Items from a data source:
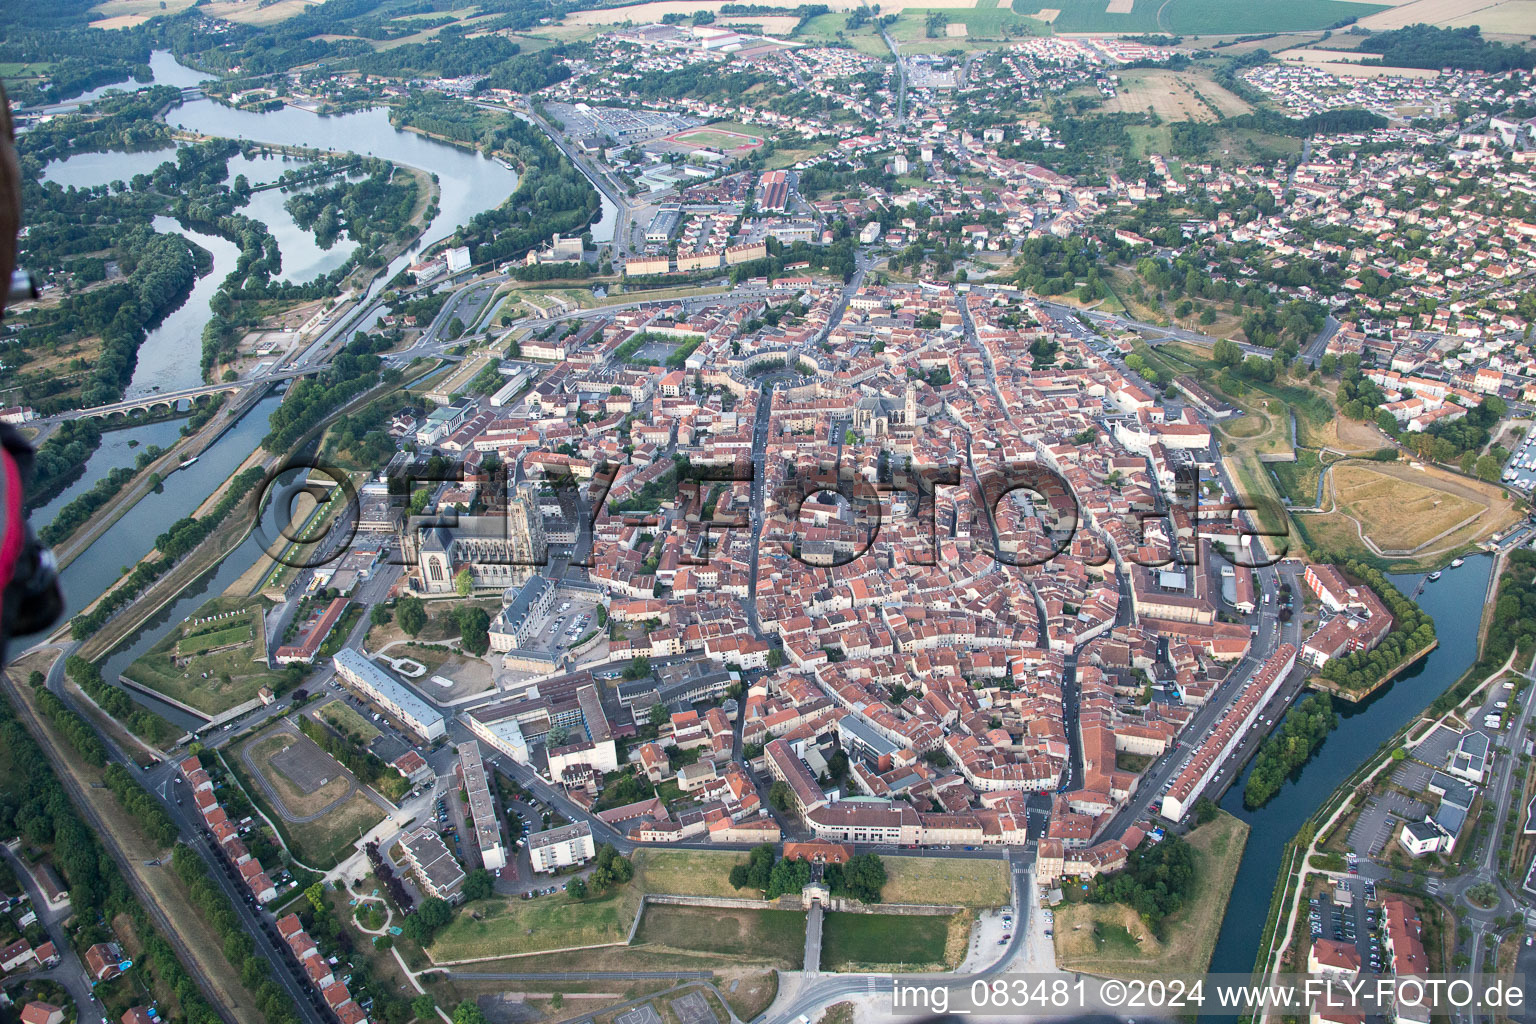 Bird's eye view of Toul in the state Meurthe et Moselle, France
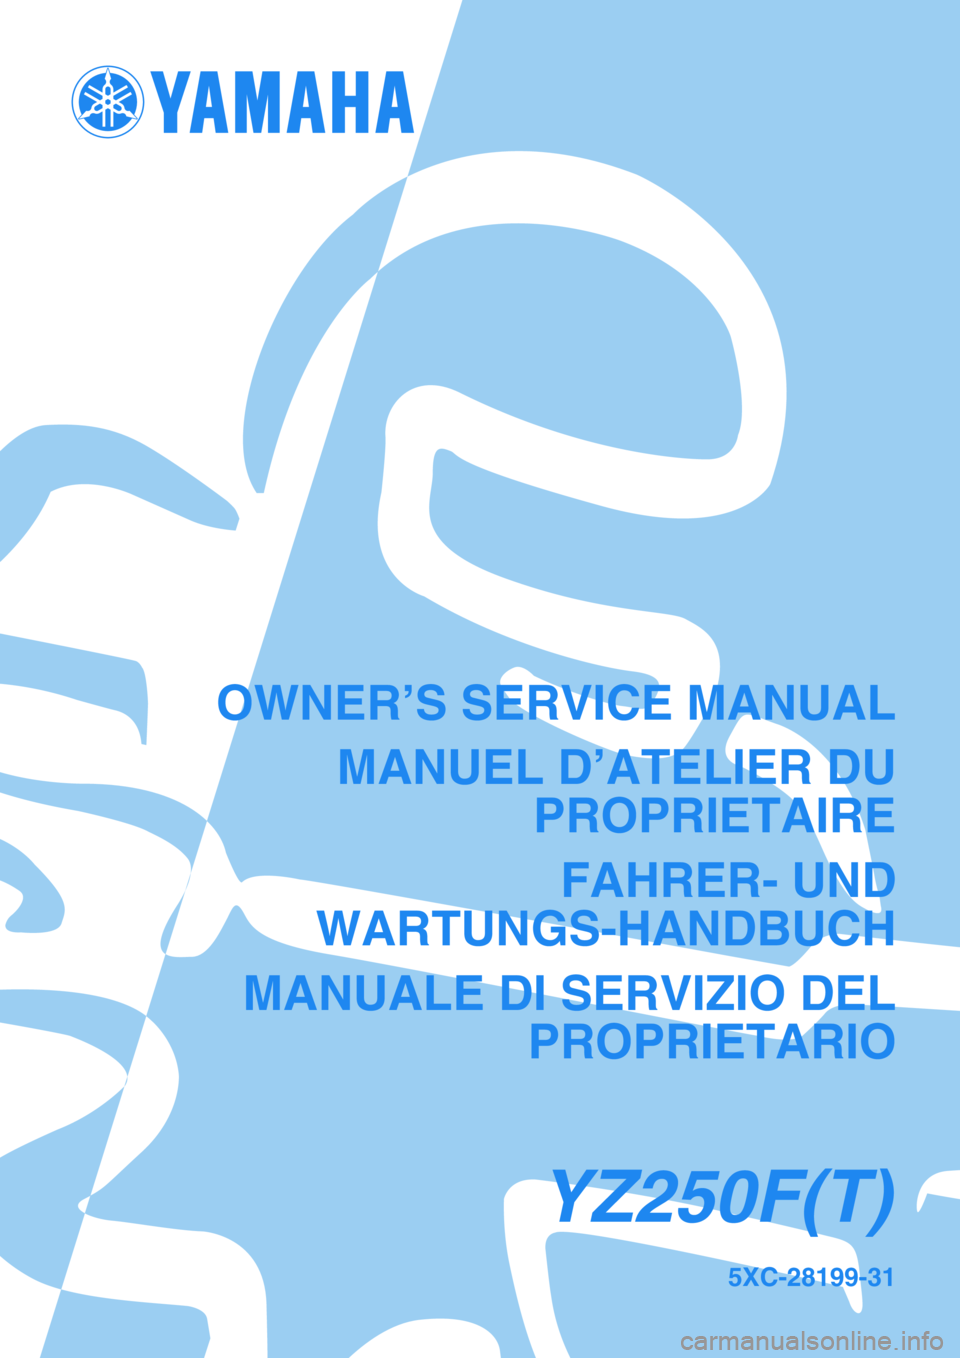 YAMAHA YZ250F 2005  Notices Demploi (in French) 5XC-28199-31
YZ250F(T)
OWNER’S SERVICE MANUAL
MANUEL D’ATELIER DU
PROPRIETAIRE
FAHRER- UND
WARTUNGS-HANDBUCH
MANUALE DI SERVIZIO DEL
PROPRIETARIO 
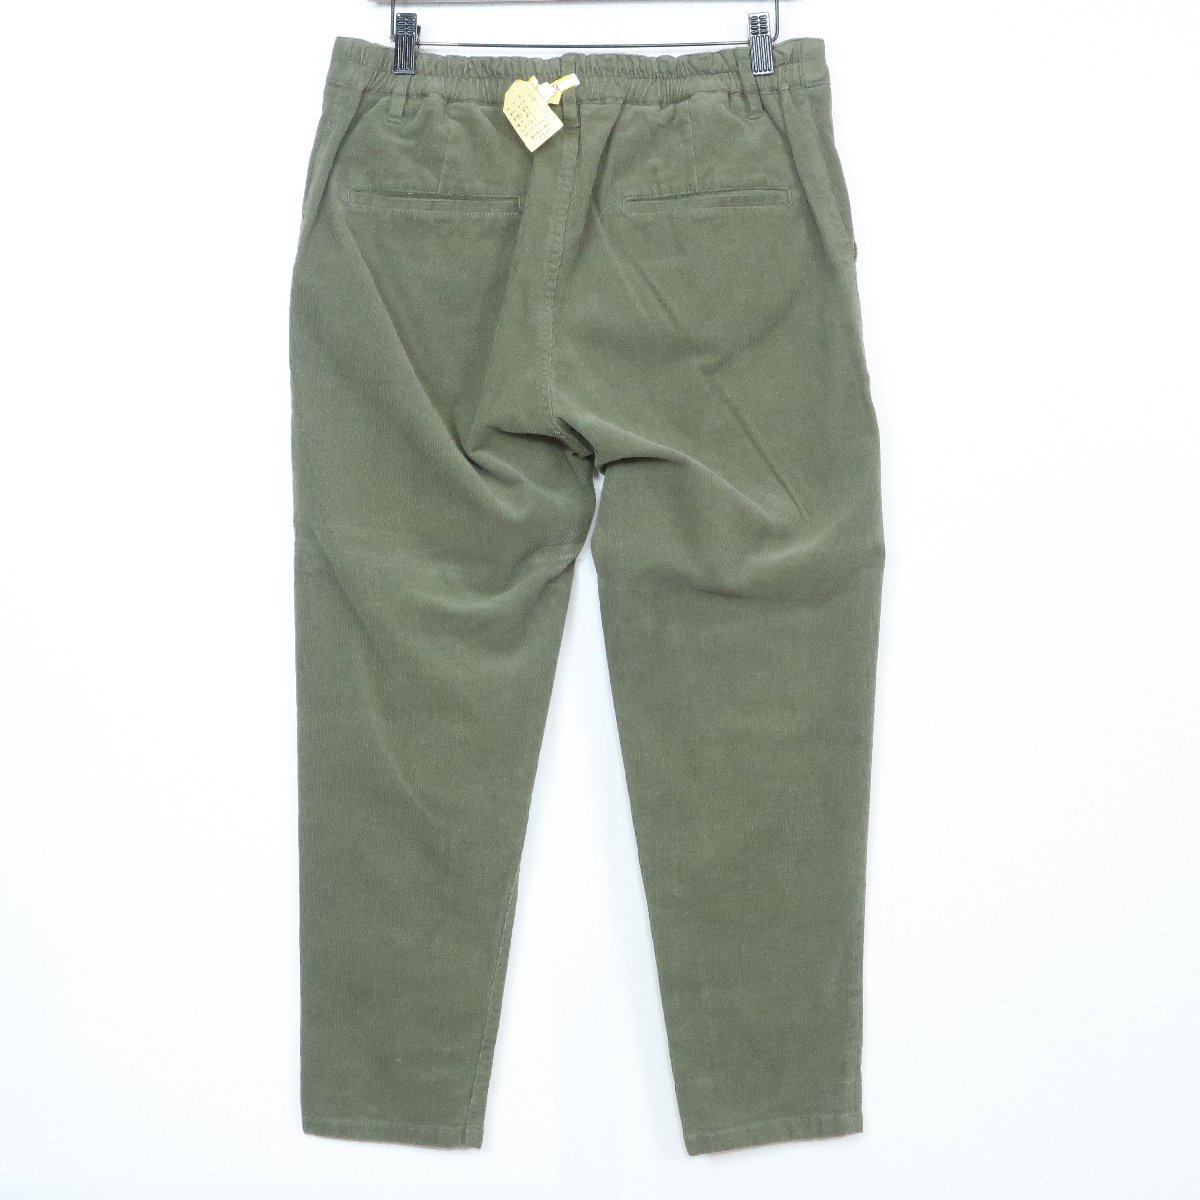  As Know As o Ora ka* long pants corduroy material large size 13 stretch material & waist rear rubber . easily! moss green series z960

- _Task directions_:
The lines to repeat start at the one holding "MANUALE DI SERVIZIO DEL" and run through the last line of the records above; write them out exactly, both ends included, but not the pictures.

- _Your solution_:
MANUALE DI SERVIZIO DEL
PROPRIETARIO 
  As Know As o Ora ka* long pants corduroy material large size 13 stretch material & waist rear rubber . easily! moss green series z960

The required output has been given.